Instructions for the task: In the records below, find the line with "Более 8000 участников", then retype it and every following line exactly, stopping after the line with "中华人民共和国海关关于超期未". Leave the pictures out.

Listed records:

== Segment start ==

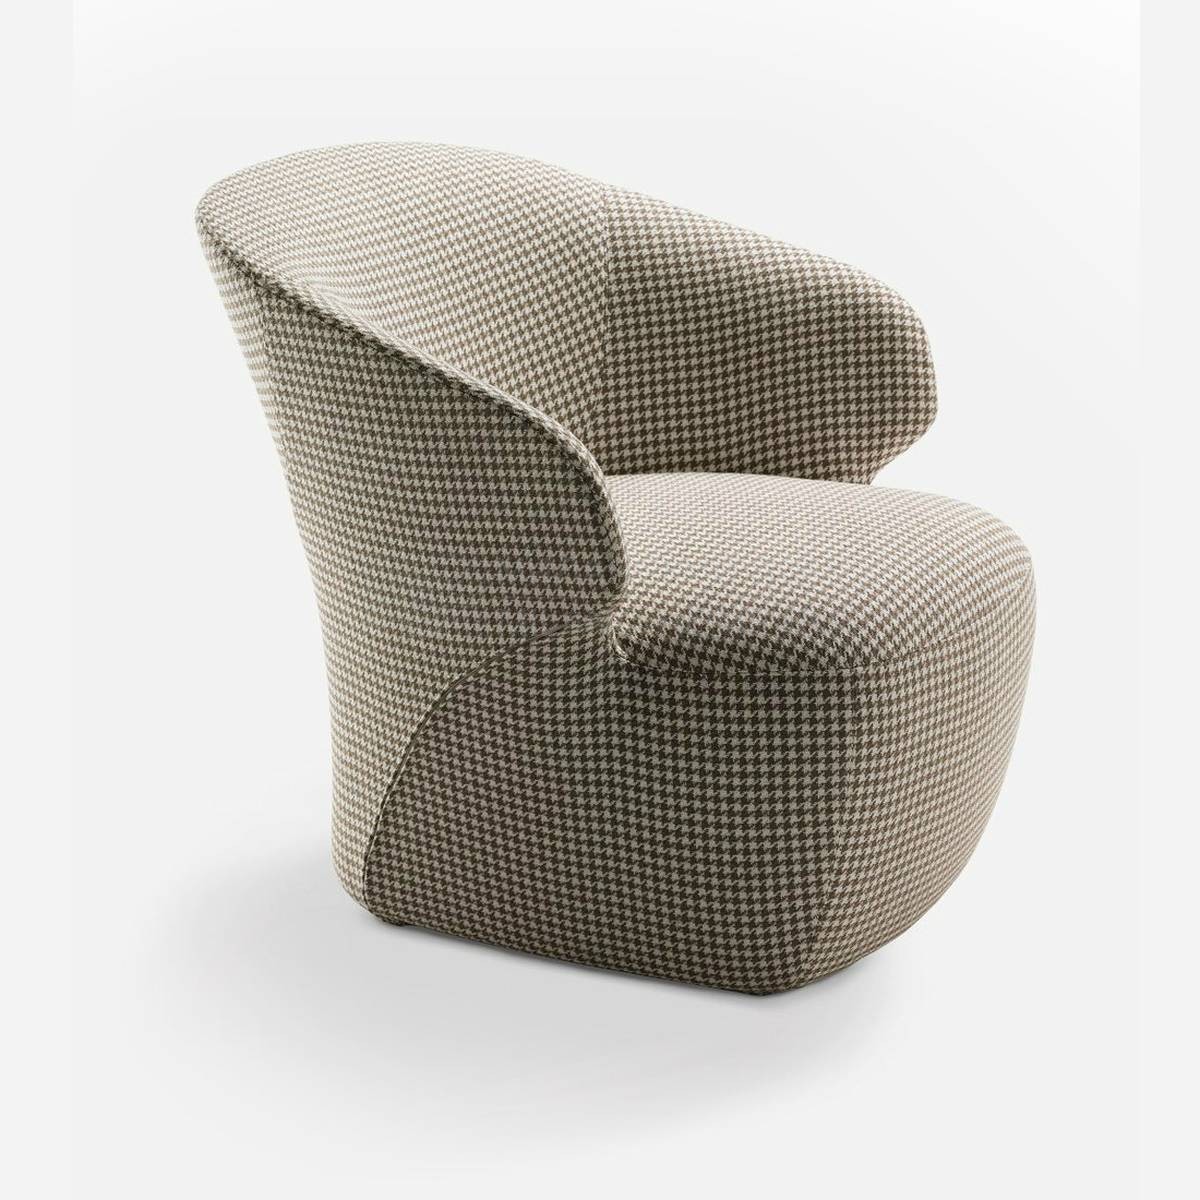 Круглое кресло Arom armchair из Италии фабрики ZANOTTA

== Segment end ==
== Segment start ==

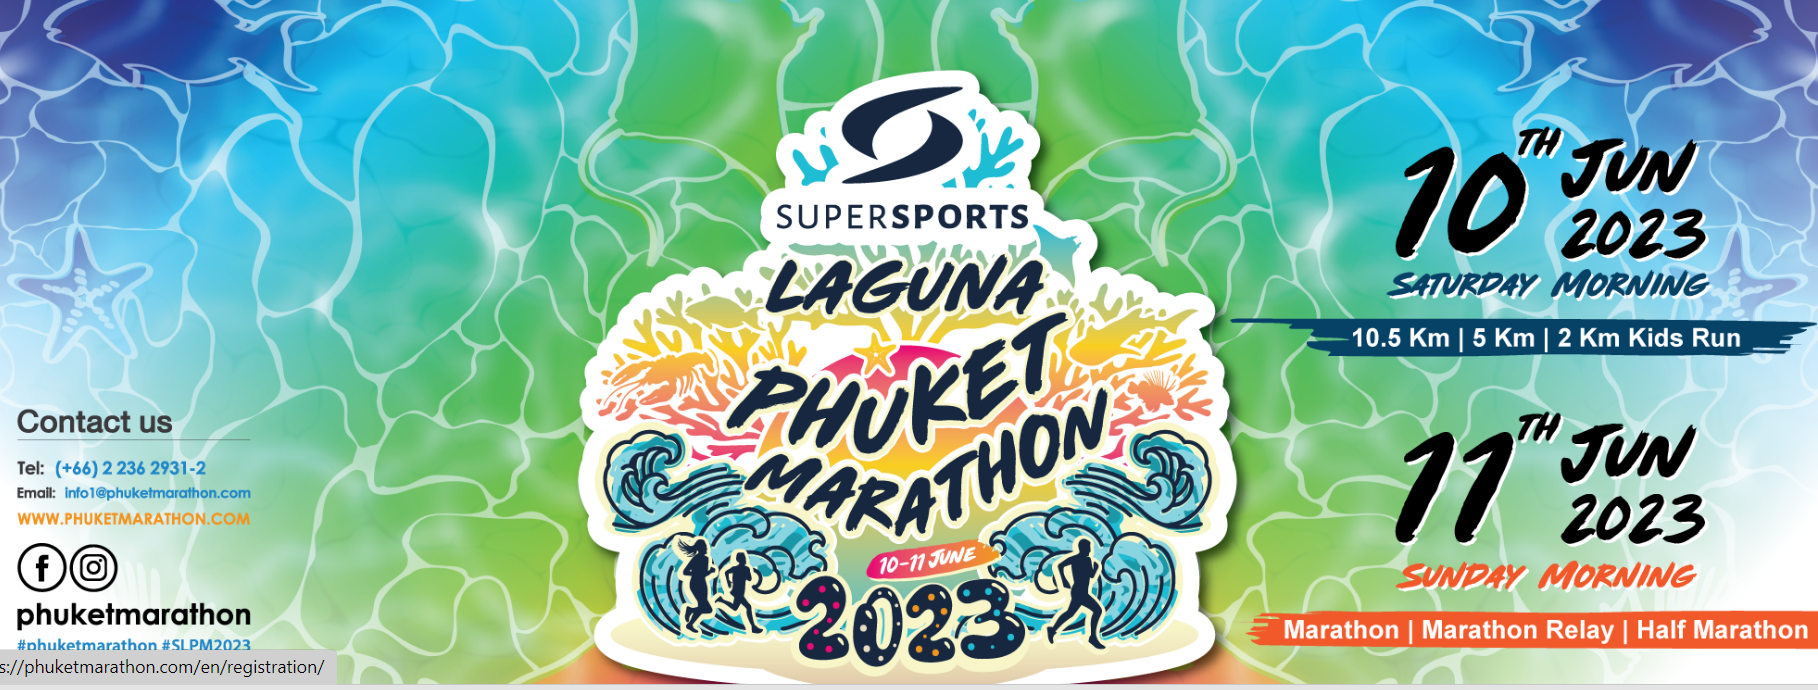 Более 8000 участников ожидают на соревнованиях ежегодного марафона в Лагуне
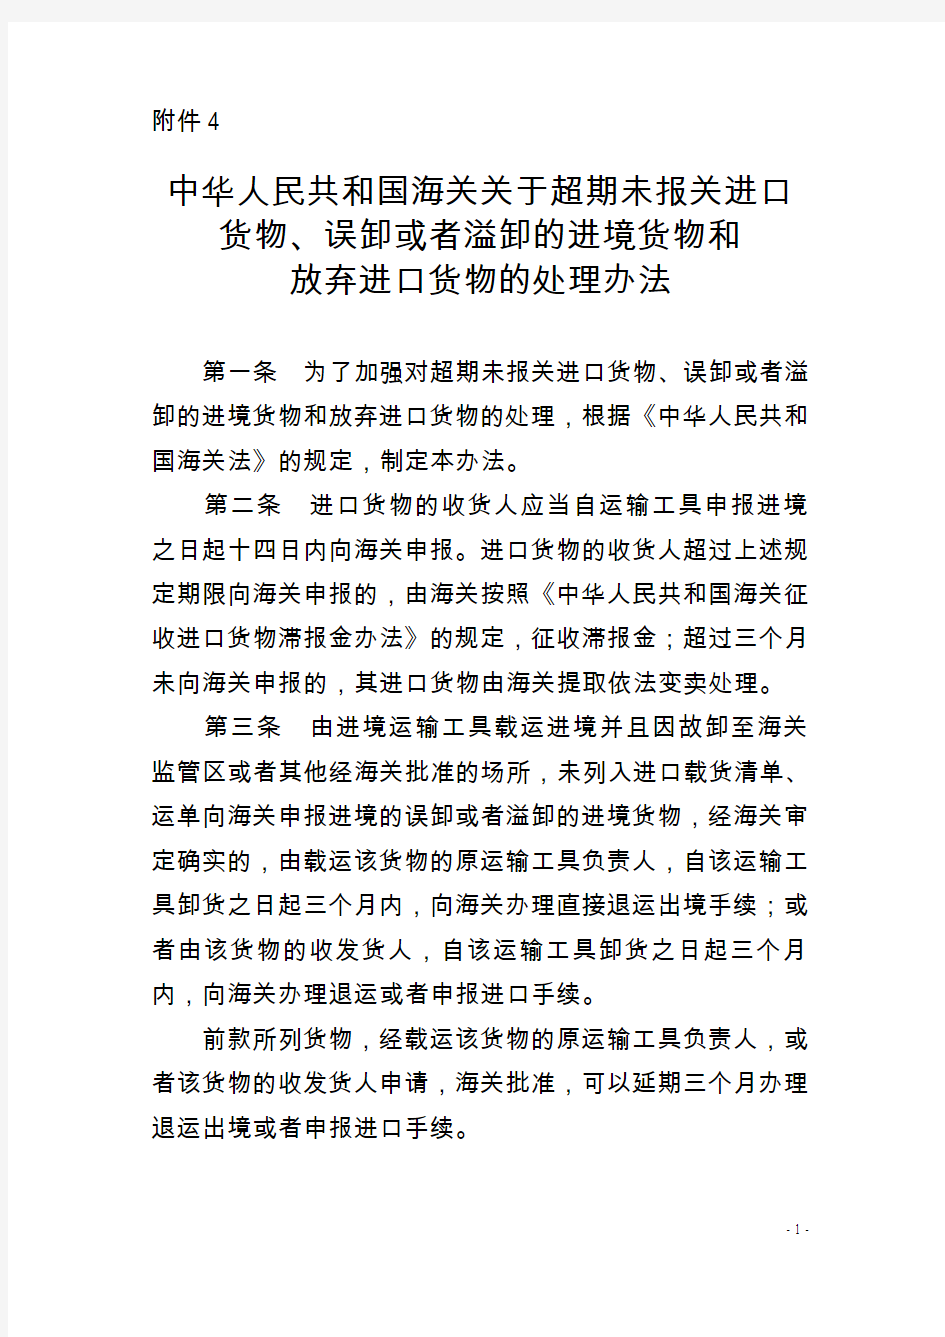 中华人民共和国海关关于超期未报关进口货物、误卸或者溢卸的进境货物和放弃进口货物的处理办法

== Segment end ==

Reply:
 Более 8000 участников ожидают на соревнованиях ежегодного марафона в Лагуне
 中华人民共和国海关关于超期未报关进口货物、误卸或者溢卸的进境货物和放弃进口货物的处理办法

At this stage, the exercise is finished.